One year ago West Africa was descending into chaos. As the Ebola death toll approached 1,000 for the first time ever and Liberia closed its borders, the World Health Organization declared the situation an international health emergency. Experimental drugs were cautiously put to use to try to treat those infected, but what was urgently needed to stop the spread was a vaccine. Now, 12 months on, it looks very much like we have one.
Interim results published Friday in the medical journal the Lancet provide clear evidence that the rVSV-ZEBOV candidate vaccine currently undergoing phase 3 trials – the final phase before vaccines can be licensed – is not only safe in the short-term, but also highly effective at protecting people from the Ebola virus circulating in Guinea.
What’s more, the results imply that the vaccine also helps reduce cases of Ebola in the broader community, beyond those vaccinated, suggesting that we may now have an extremely effective way of ending the ongoing outbreak.
That must now be the priority. While more research may be needed to establish the long-term protection and safety, use of this vaccine needs to be immediately extended beyond the trials in Guinea and made available to ring vaccinate people in Sierra Leone and wherever else outbreaks occur. Similarly health care workers in affected regions should be offered access to this vaccine now, as they are often the first exposed to any new cases.
More than 11,000 people have lost their lives to this disease, with nearly 28,000 infected since the beginning of the epidemic. And even though it appears to have peaked, with the number of new cases dropping to just a couple of dozen a week and just six cases in Liberia since May, the risk of resurgence remains present. People are still losing their lives and health care workers are still being infected – two in Guinea in the last week alone. We must vanquish this outbreak; zero cases is the only acceptable outcome. While the infection is still present, it is hard to practice medicine and live a normal life when any minor illness can be seen as an early stage of an Ebola infection. We should not underestimate the ease with which this could come back; we should be anticipating that possibility and be ready to act should we need to.
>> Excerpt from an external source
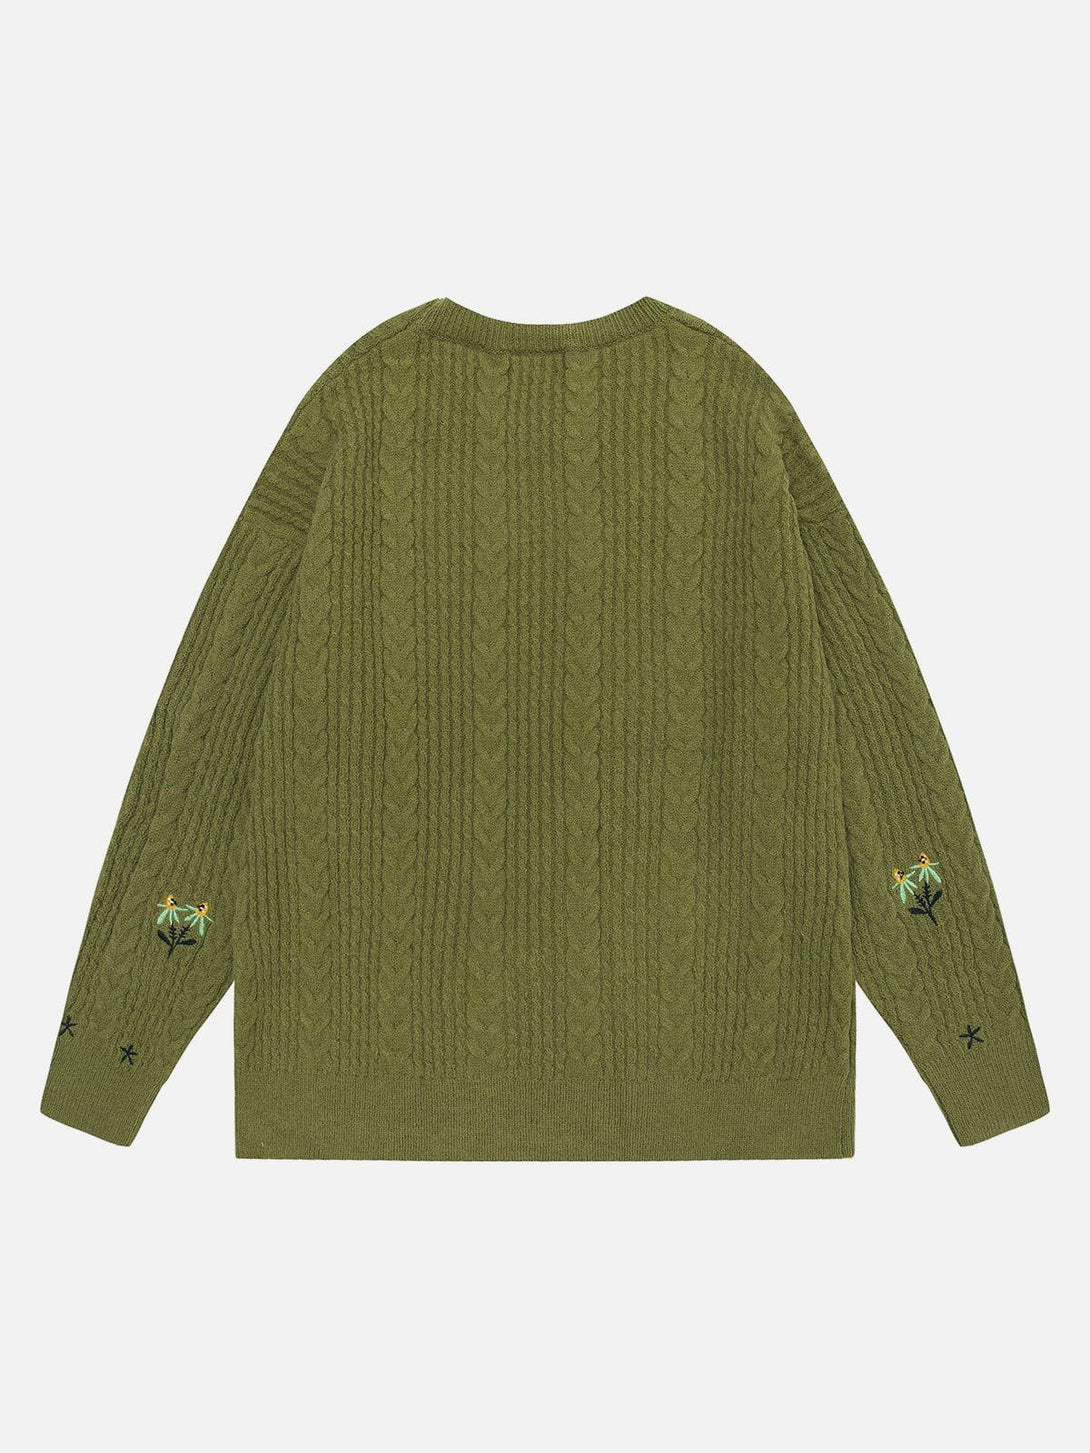 Majesda® - Vintage Twist Pattern Sweater outfit ideas streetwear fashion
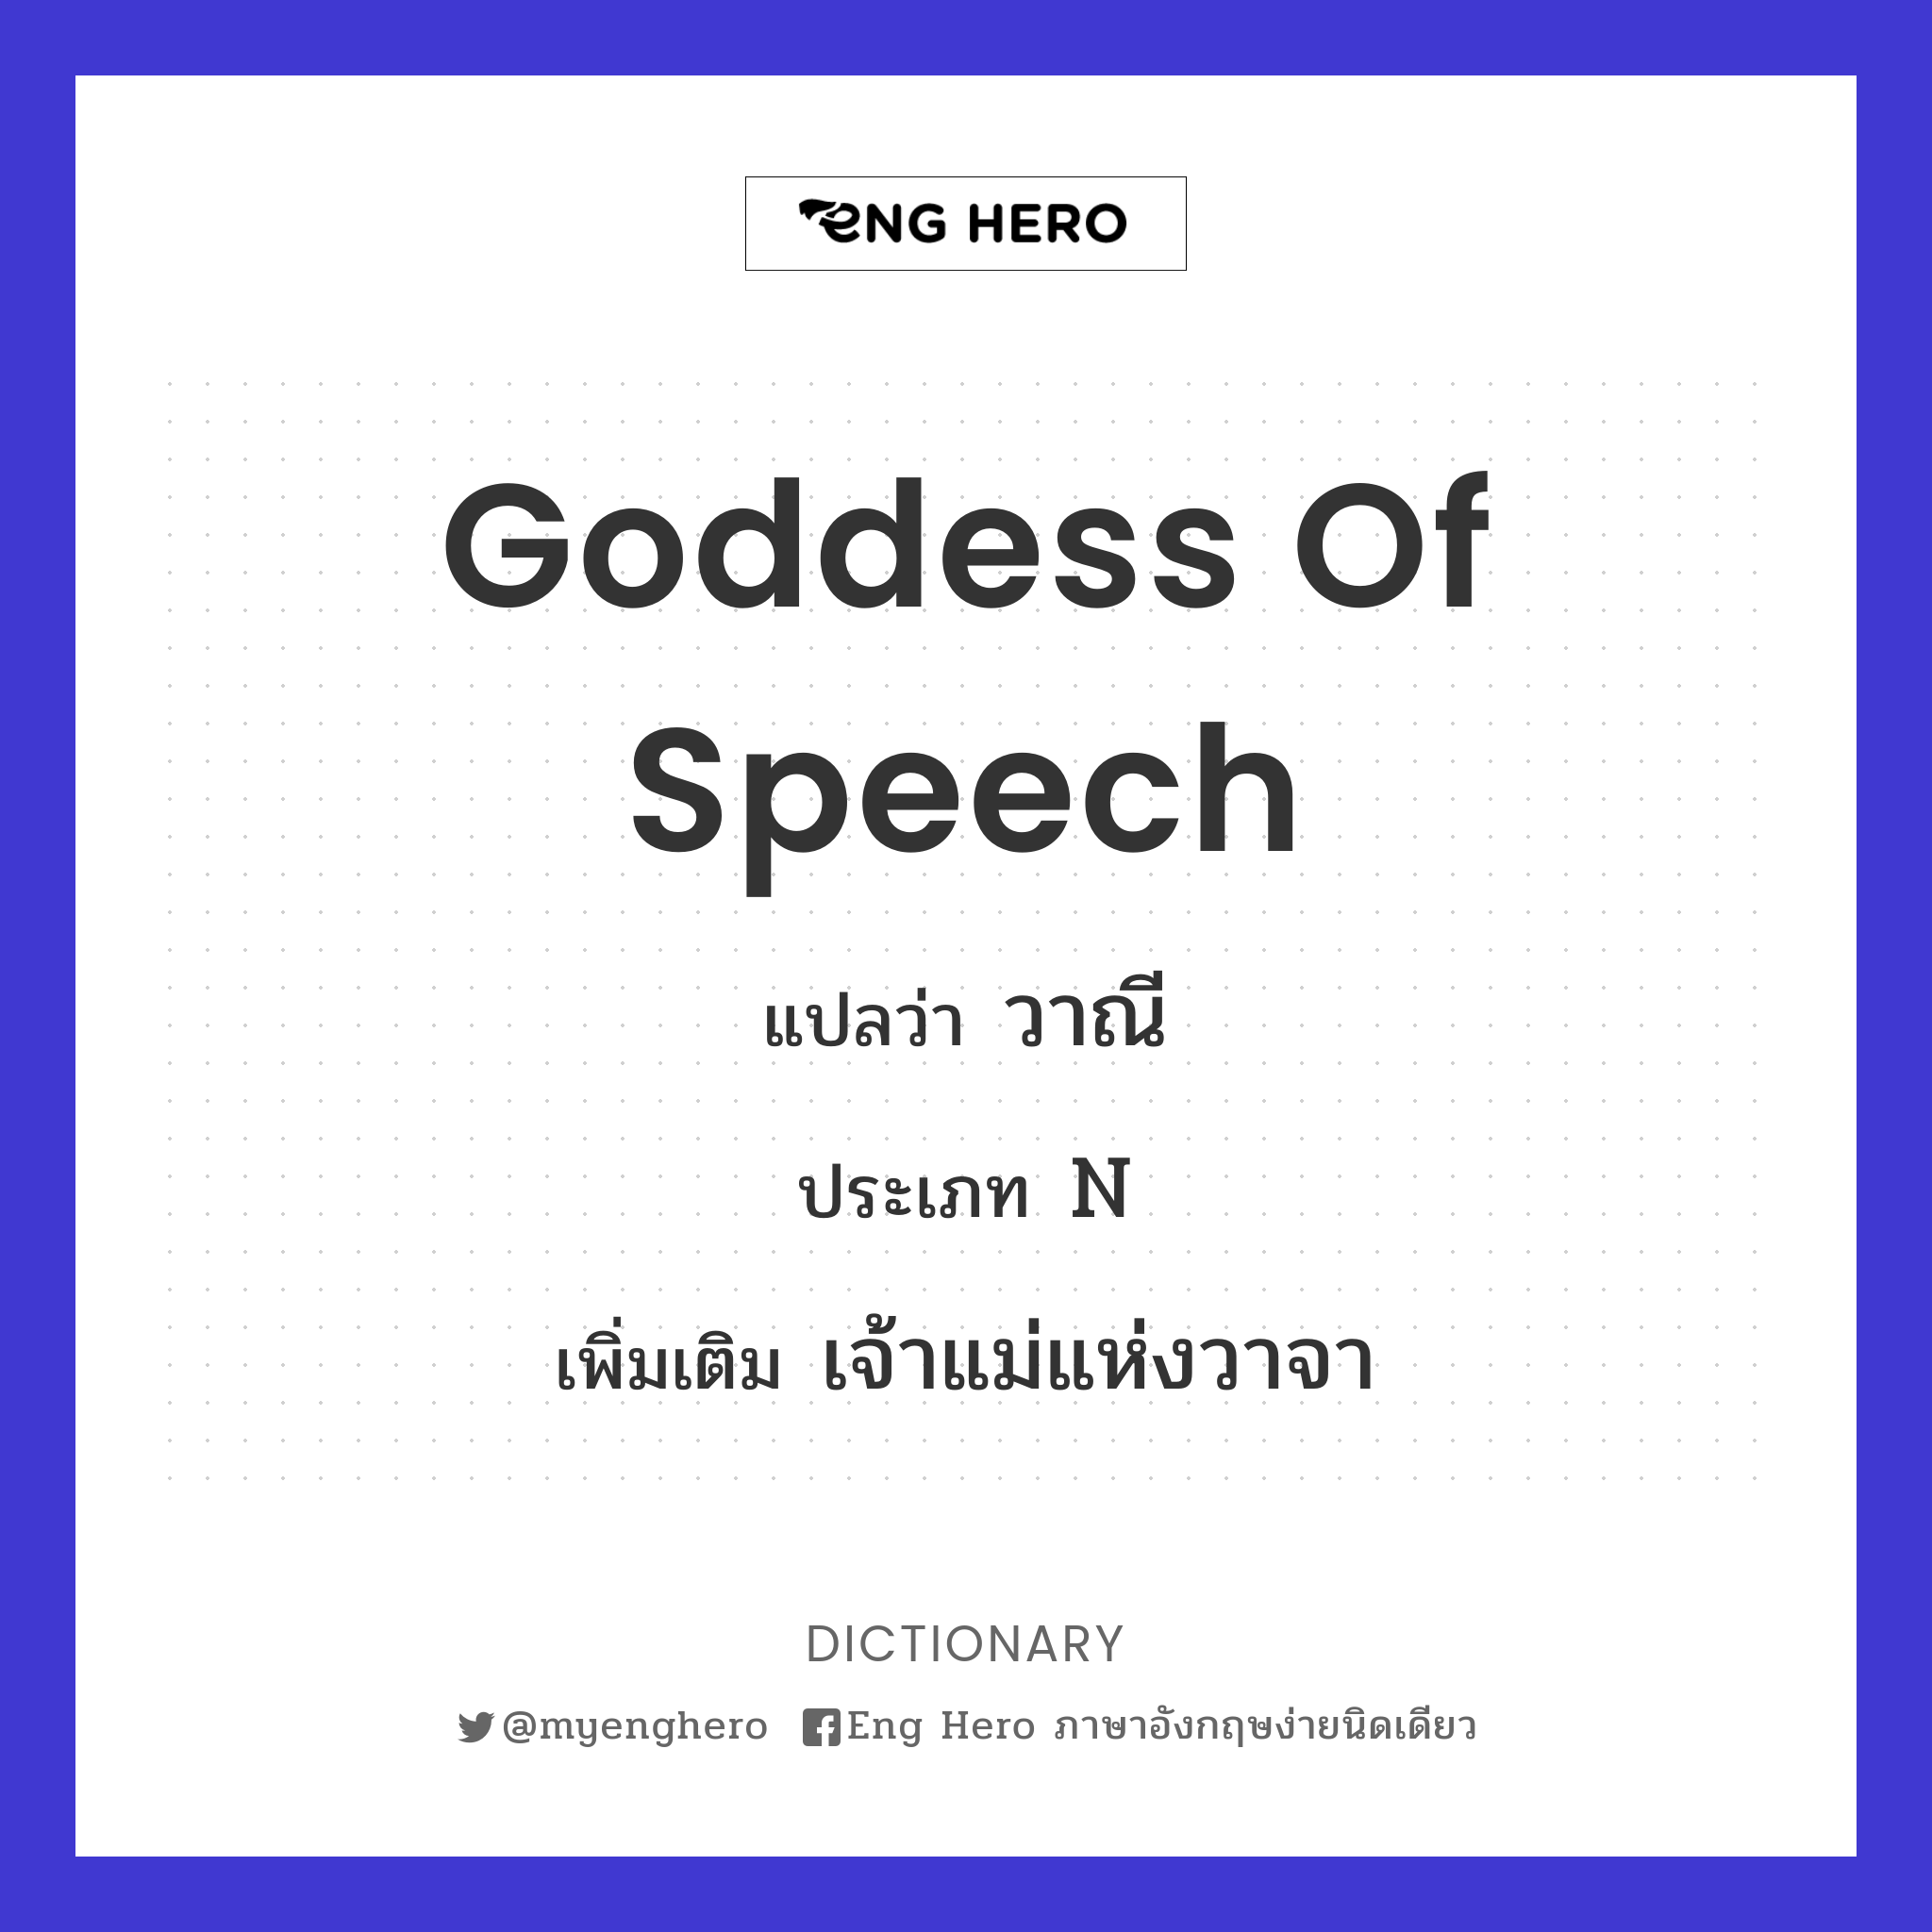 Goddess of Speech

The evidence now suggests that this vaccine provides a means of doing so. Despite the initial delays, W.H.O., manufacturers, researchers and civil society organizations, working with governments, responded rapidly in the face of this devastating health crisis, fast-tracking candidate vaccines through clinical trials at record speed, and for this they should be applauded. Not only have they established that rVSV-ZEBOV is safe and highly effective, producing a result of huge public health significance, but they were bold enough to move forward with an unconventional and quite unique study design. This has helped establish an effective strategy that can potentially end the epidemic and help prevent future outbreaks from spiraling out of control.
This strategy, called ring vaccination, involved vaccinating everyone an infected person had come into contact with, thereby creating a protective ring that helps stop the virus from spreading further. This technique is not new and ultimately played a role in the eradication of smallpox. However in the Ebola trial, which involved vaccinating around 3,500 subjects in 90 “rings”, this approach proved so successful that the Independent Data Safety and Monitoring Board made the decision to abandon the delayed vaccination of a second control group.
In addition to this, a reduction in the number of cases of infection occurring outside these rings was observed, implying that a certain level of herd immunity was achieved, although more research will be needed to establish that. But even so the fact that the vaccine appeared to protect every single subject bodes well, and the hope now is that this will now enable us to protect entire communities effectively without the need for mass vaccinations.
But to do that and to end this epidemic we need to be able to apply this strategy wherever it is needed, not just where the trials are currently being held. It is also important that the trials continue so we can learn more about this vaccine, to fully understand its duration of protection and to establish long-term safety and effectiveness, which will be critical for regulators to provide a permanent license. We will also need further trials to develop improved vaccines that are more temperature stable, have a long shelf life and protect against multiple strains to create stockpiles of vaccines to assure Ebola never spins out of control again.
But we must not lose sight of the fact that this is not just a research exercise; it is a public health intervention. This vaccine has already sat on a shelf for a decade; if we were still seeing 1,000 new cases a week we would not think twice about making it available immediately.
Ultimately this trial is a huge success and great cause for celebration. Indeed we couldn’t have hoped for more positive results, we now have a duty to fully act on them.
Dr. Seth Berkley, a medical doctor and epidemiologist, is chief executive of the Gavi, The Vaccine Alliance, an international organization that works to improve access to new and underused vaccines in low-income countries.